Below, find a diagram with the components that comprise an instance of Cumulus.
This diagram details all of the major architectural components of a Cumulus deployment.
While the diagram can feel complex, it can easily be digested in several major components:
End Users can access data via Cumulus's
distribution submodule, which includes ASF's thin egress application, this provides authenticated data egress, temporary S3 links and other statistics features.
End user exposure of Cumulus's holdings is expected to be provided by an external service.
For NASA use, this is assumed to be CMR in this diagram.
The core of the ingest and processing capabilities in Cumulus is built into the deployed AWS Step Function workflows. Cumulus rules trigger workflows via either Cloud Watch rules, Kinesis streams, SNS topic, or SQS queue. The workflows then run with a configured Cumulus message, utilizing built-in processes to report status of granules, PDRs, executions, etc to the Data Persistence components.

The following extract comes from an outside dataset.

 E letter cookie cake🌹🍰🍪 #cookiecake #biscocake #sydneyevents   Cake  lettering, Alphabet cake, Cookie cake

Workflows can optionally report granule metadata to CMR, and workflow steps can report metrics information to a shared SNS topic, which could be subscribed to for near real time granule, execution, and PDR status. This could be used for metrics reporting using an external ELK stack, for example.
Cumulus entity state data is stored in a set of PostgreSQL compatible database, and is exported to an Elasticsearch instance for non-authoritative querying/state data for the API and other applications that require more complex queries. Currently the entity state data is replicated in DynamoDB and this will be removed in a future release.
Discovering data for ingest is handled via workflow step components using Cumulus
collection configurations and various triggers. Data can be ingested from AWS S3, FTP, HTTPS and more.
Cumulus utilizes a user-provided PostgreSQL database backend. For improved API search query efficiency Cumulus provides data replication to an Elasticsearch instance. For legacy reasons, Cumulus is currently also deploying a DynamoDB datastore, and writes are replicated in parallel with the PostgreSQL database writes. The DynamoDB replicated tables and parallel writes will be removed in future releases.
PostgreSQL Database Schema Diagram
Cumulus is deployed via Terraform and is organized internally into two separate top-level modules, as well as several external modules.
The Cumulus module, which contains multiple internal submodules, deploys all of the Cumulus components that are not part of the
Data Persistence portion of this diagram.
The data persistence module provides the
Data Persistence portion of the diagram.
Other modules are provided as artifacts on the release page for use in users configuring their own deployment and contain extracted subcomponents of the cumulus module. For more on these components see the components documentation.